%%

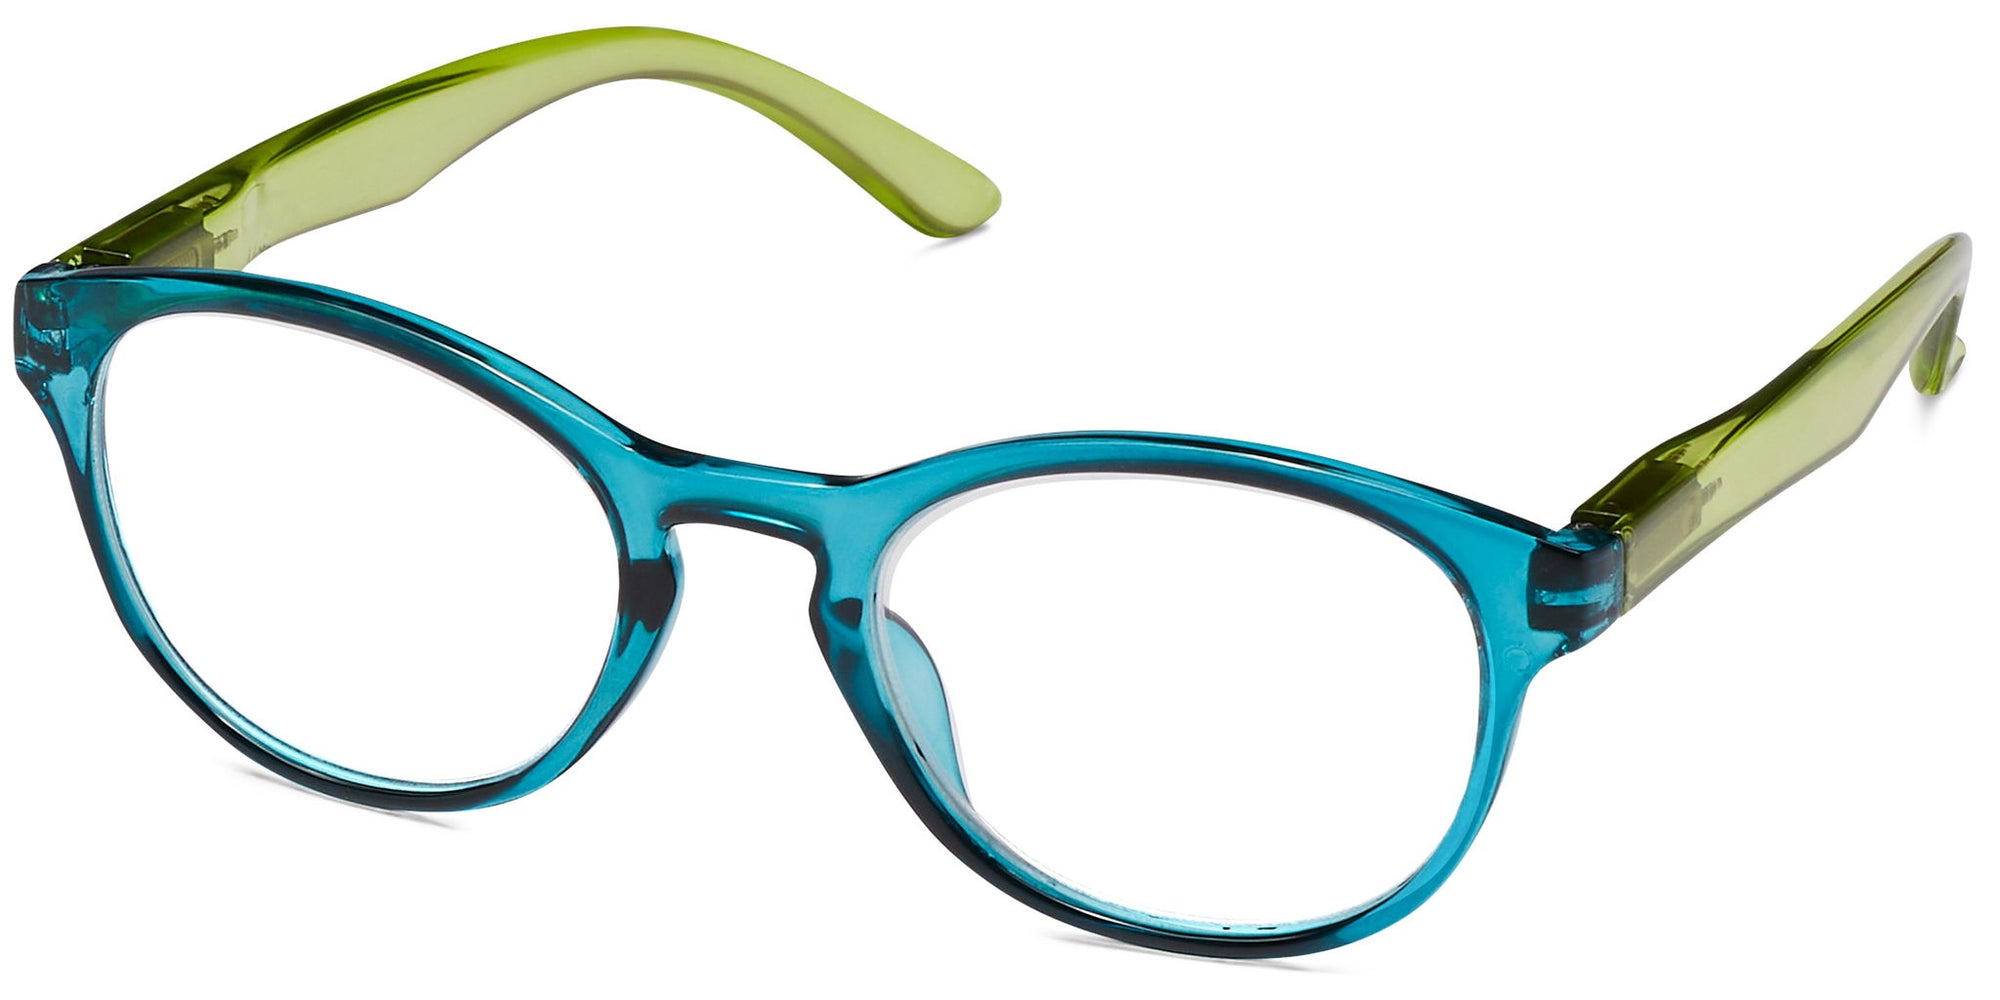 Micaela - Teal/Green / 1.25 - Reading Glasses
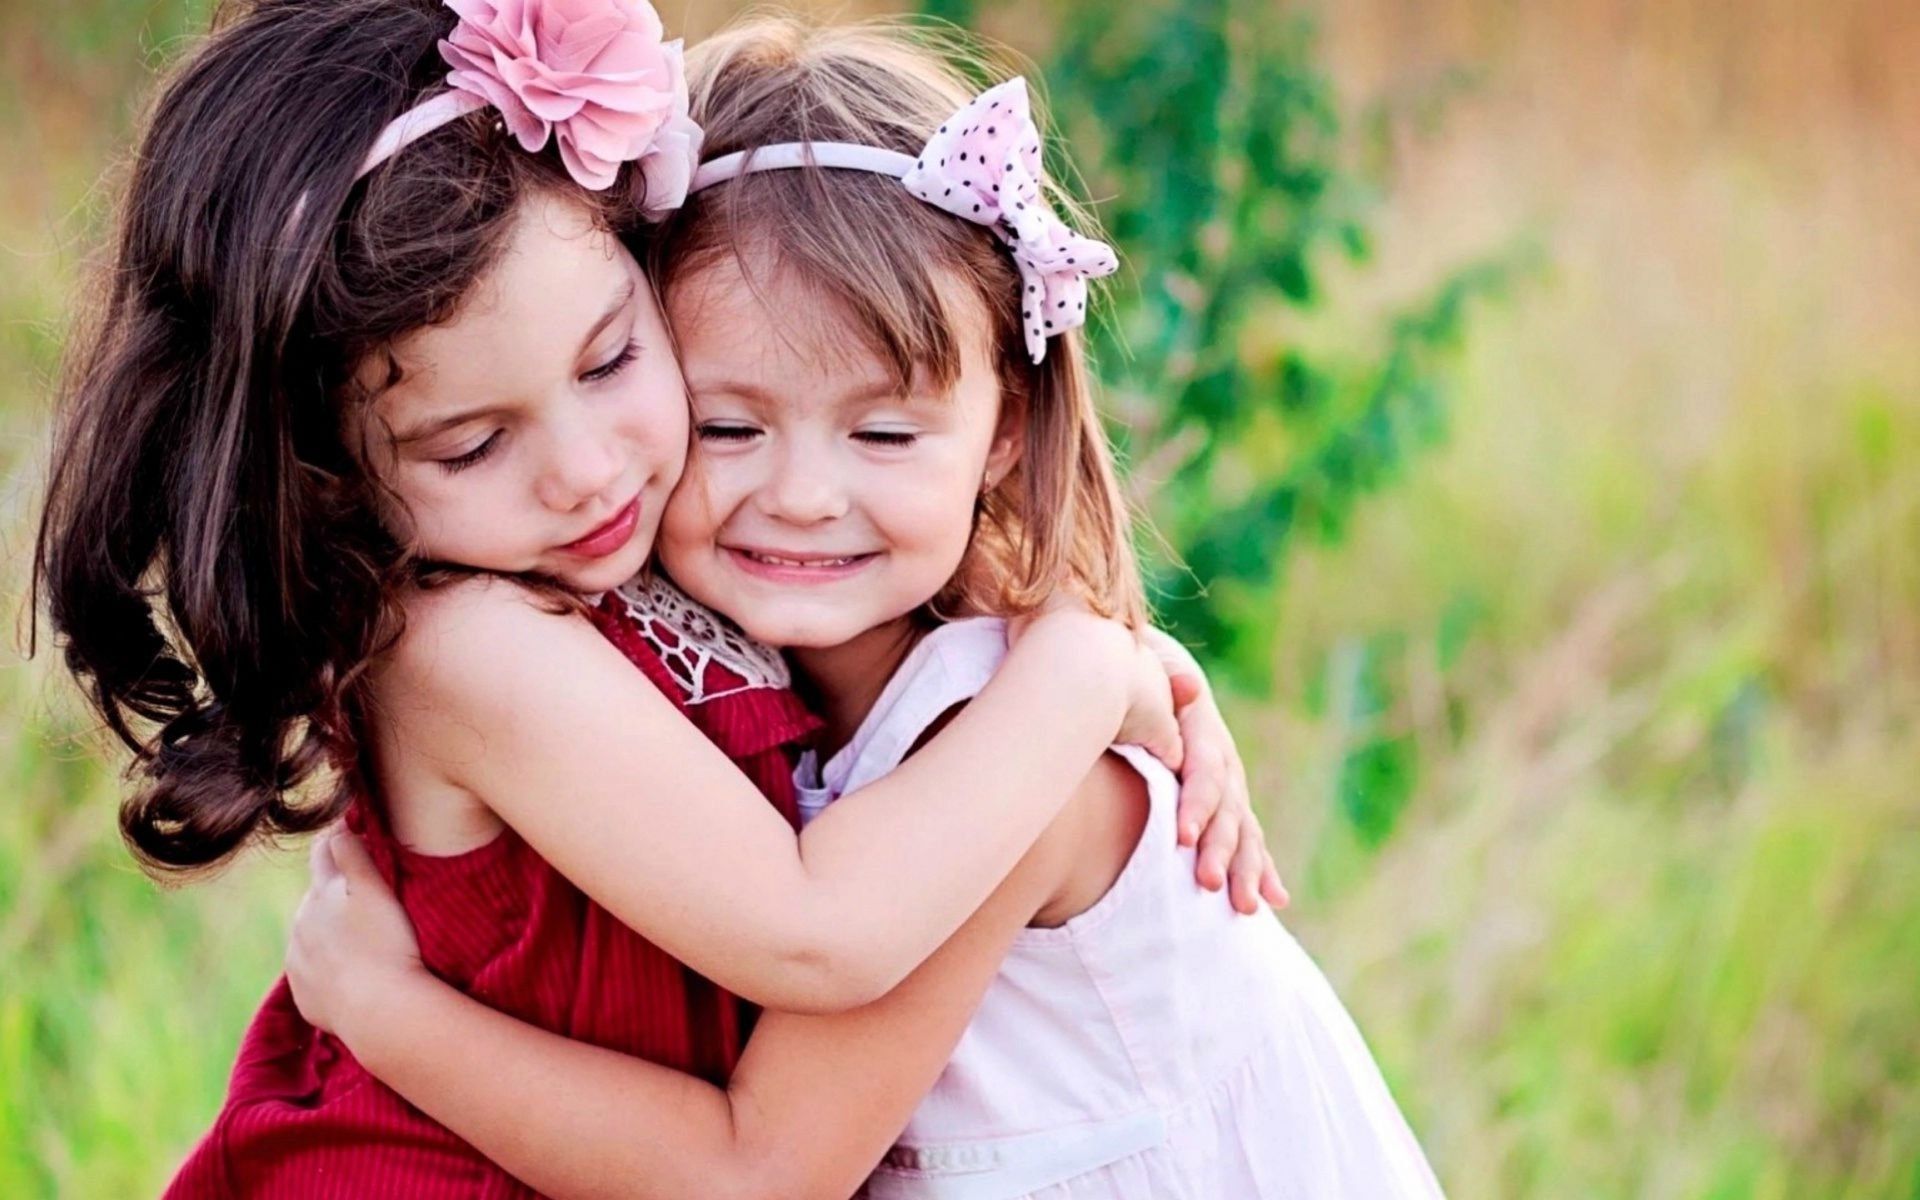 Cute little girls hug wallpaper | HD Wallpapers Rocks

%%
%%

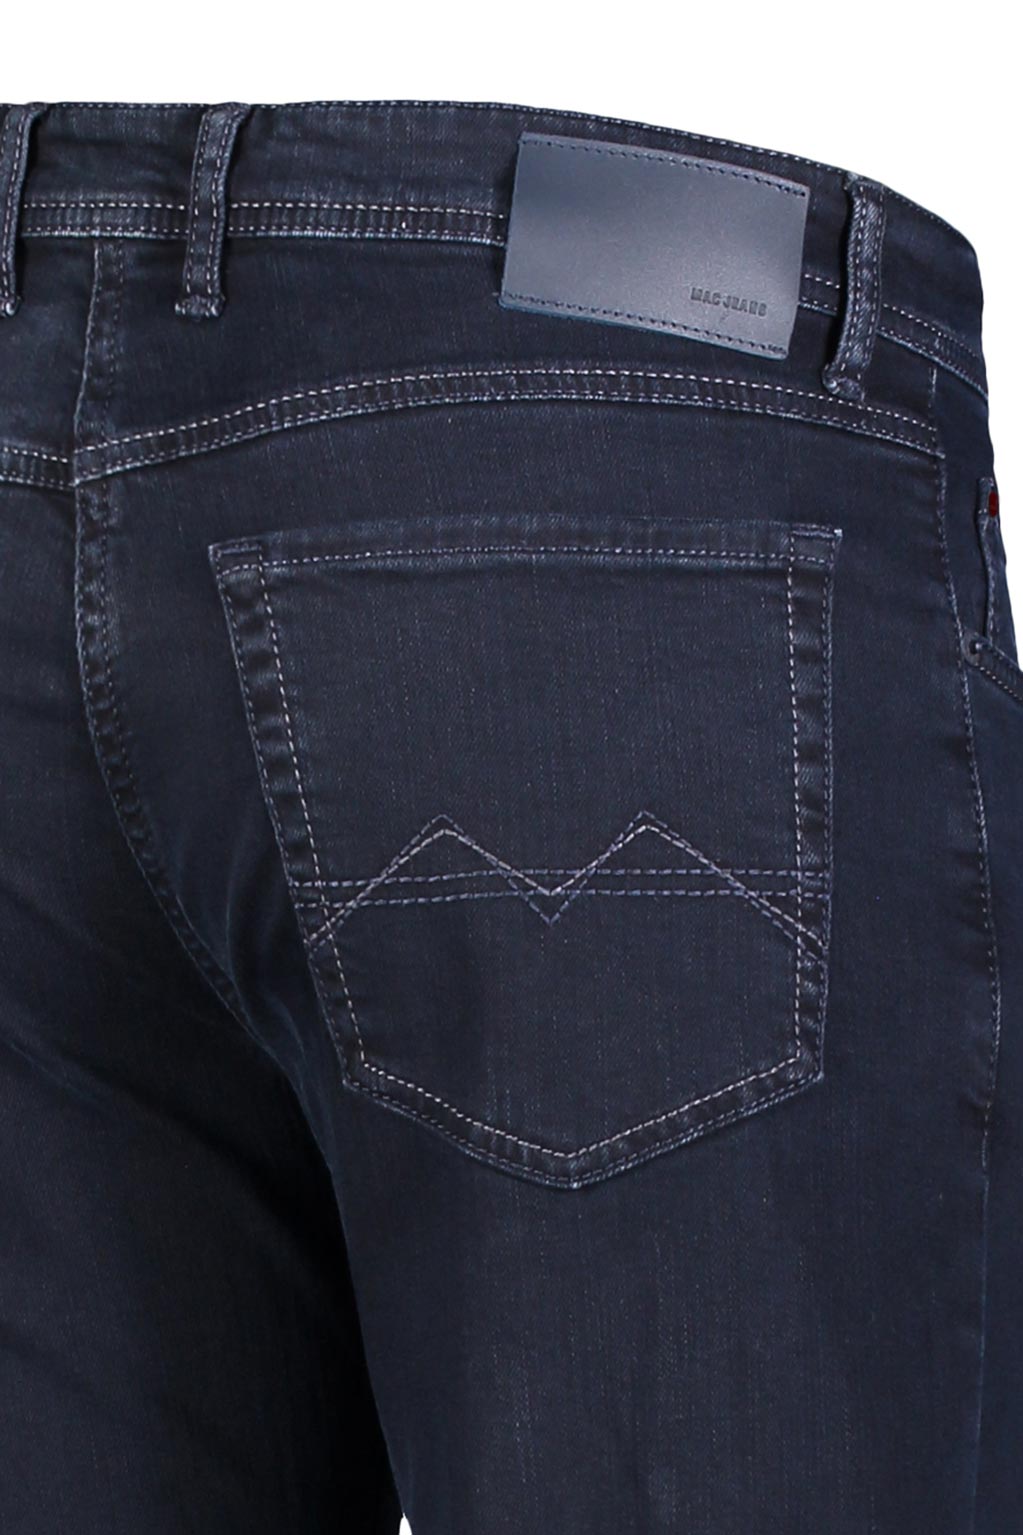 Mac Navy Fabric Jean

%%

:: EXERCISE AIM ::
In the listing above, find the line with "Micaela - Teal/Green" and the line with "Cute little girls". Output both, plus every line between them, and no pictures.

:: RESPONSE ::
 Micaela - Teal/Green / 1.25 - Reading Glasses
 Cute little girls hug wallpaper | HD Wallpapers Rocks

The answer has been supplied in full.